As man is soul and body, so Orthodox worship requires the homage of both. An Old Testament ideal, of course: “That you may worship the Lord our God by everything that you do” (Jos. 4:24*). Says St Isaac the Syrian: “Every prayer in which the body does not participate and by which the heart is not affected is to be reckoned as an abortion without a soul”. So in Orthodox worship we bow with our will and with our body as well, that is we make prostrations to the ground. Another feature is the sign of the cross. Just as the Name of Jesus is made by a movement of the tongue, so the sign of the cross is made by a movement of hand and arm. The cross is the sign of faith, hope and love; it is the Christian sign, which God wants us never to forget so He puts it everywhere. Every tree, every telegraph pole is a cross. What a book is to a literate person, a picture is to an illiterate. It brings him understanding.

And we believe in the Communion of the Saints, because there is now no death and all are alive in God. We ask the Saints to pray for us, and we pray for those who are not yet saints. Do you ever ask anyone to help you do anything? Well, when you make any request of a friend, you may as truly through him pray to God as in formal worship (Mt. 25: 24-44). It is the will of God to give us help and life through His creatures.

One of the most popular of Russian Saints is St. Seraphim (1760-1833). He was canonized only in 1903. He had a wonderful conversation with a layman in winter with the snow on the ground. He told him the aim of the Christian life is the acquisition of the Holy Spirit of God. All that we do for Christ’s sake are only so many means for acquiring the Holy Spirit. Then, whilst standing in the forest with the snowflakes still falling, they were both flooded with light so that it was difficult for Motoviloff to look at St. Seraphim. In spite of the cold they were warm, and there was a wonderful heavenly fragrance. What was then revealed is full of deep truth. It is certainly on a level with the revelations made to the holy prophets of old. But as the conversation covers about thirty pages I cannot speak of it more now. Many of the Saints regained something of the power over creatures that Adam had before the Fall. St. Seraphim fed wild bears from his hand, and one even obeyed him — would come and go when he told it. In them “perfect love casts out fear” (1 John 4:18).

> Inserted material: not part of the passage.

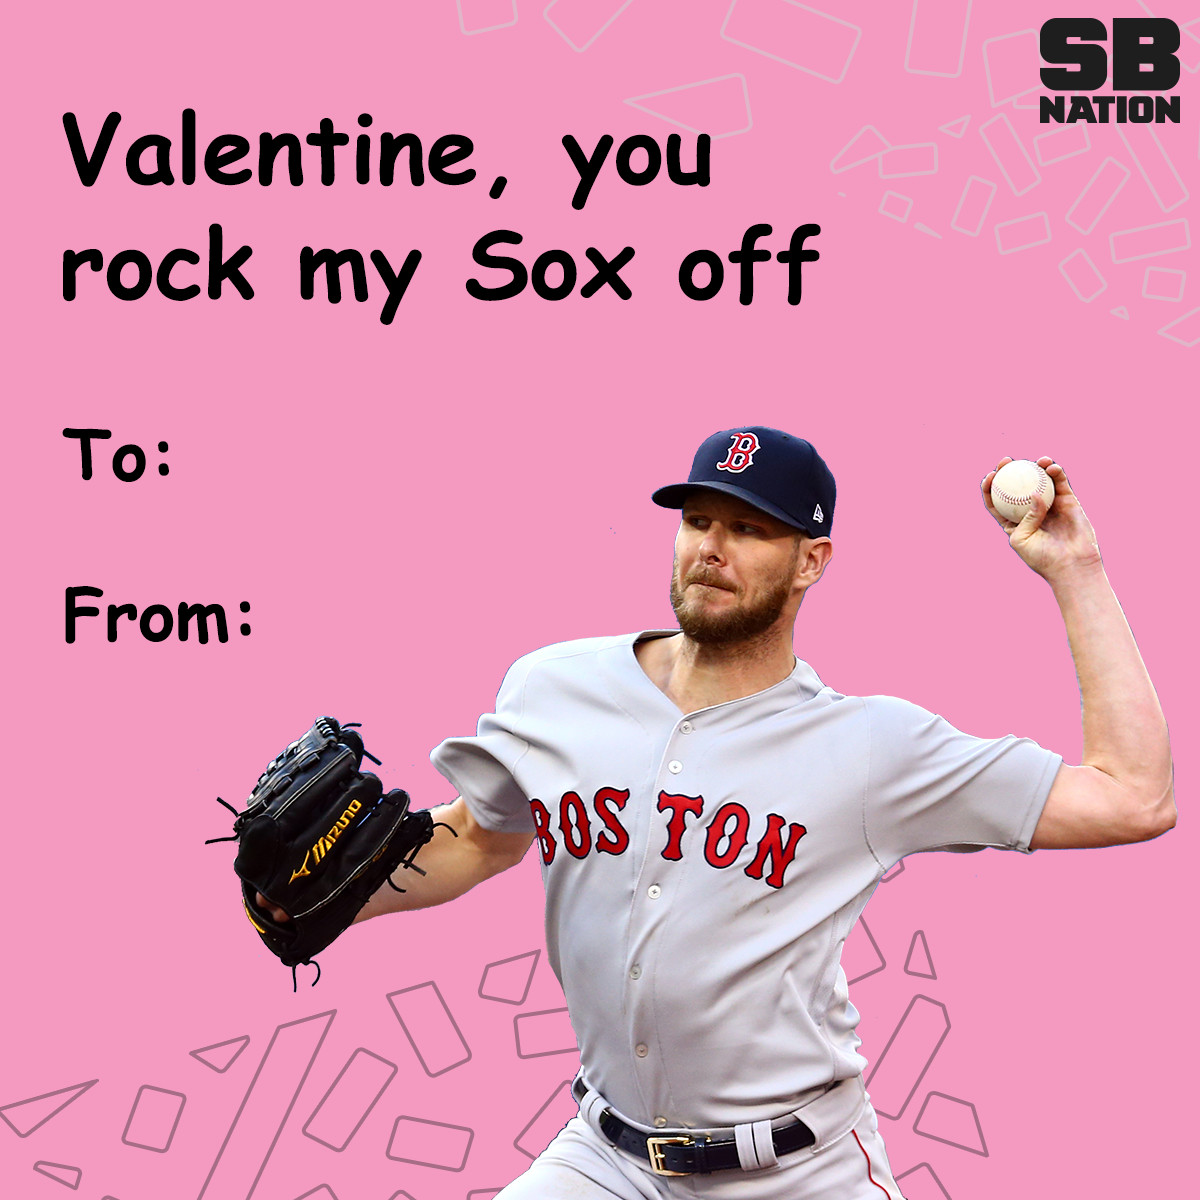 Image of Boston Red Sox pitcher Chris Sale with the text “Valentine, you rock my Sox off”

I will end with an incident from contemporary life. Not long ago in Soviet Russia, a big meeting or demonstration was staged and crowds of people came together. In the centre was a wooden platform from which Communist speakers spoke of the benefits and advantages of being a Communist, of what a wonderful Super-State world communism would be, and of how all religions were mere superstition, a hindrance to progress, and that Christian faith is a kind of opium that sends people to sleep, so that they live in a false world; and that believers are a danger to an atheist state. After the communists had spoken, believers were invited to speak for five minutes each, to prove the wonderful freedom that they pretend exists in the Soviet Paradise. One simple man came forward, a village priest. As he mounted the platform he was warned, “Mind, not more than five minutes!” To which he replied, “I won’t need as much as that”. Now, it is the custom in the Orthodox Church at Easter time for the priests at certain points in the church services to greet the congregation in a loud voice with the words, “Christ is risen!” to which the people reply, “He is risen indeed”. This simple priest simply went to one edge of the platform and in a loud voice said, “Christ is risen!” The response came from the crowd as one man like a clap of thunder, “He is risen indeed!” In the four directions of the compass the priest repeated his message, his Gospel, his greeting, and the same response was repeated like a lion’s roar each time. Then he stepped down from the platform. There wasn’t a shadow of doubt who won the day, or on whose side the crowds were. And the Communists quickly closed the meeting. That is the state of affairs in darkest Russia today, the modern slave-state. It only goes to prove that wherever men have true faith in the Risen and Crucified Christ, He continues to work His miracles and to manifest His victorious power and glory that triumphs over all obstacles.

 

* Orthodox version of the Bible [i.e., of the Old Testament] (Septuagint).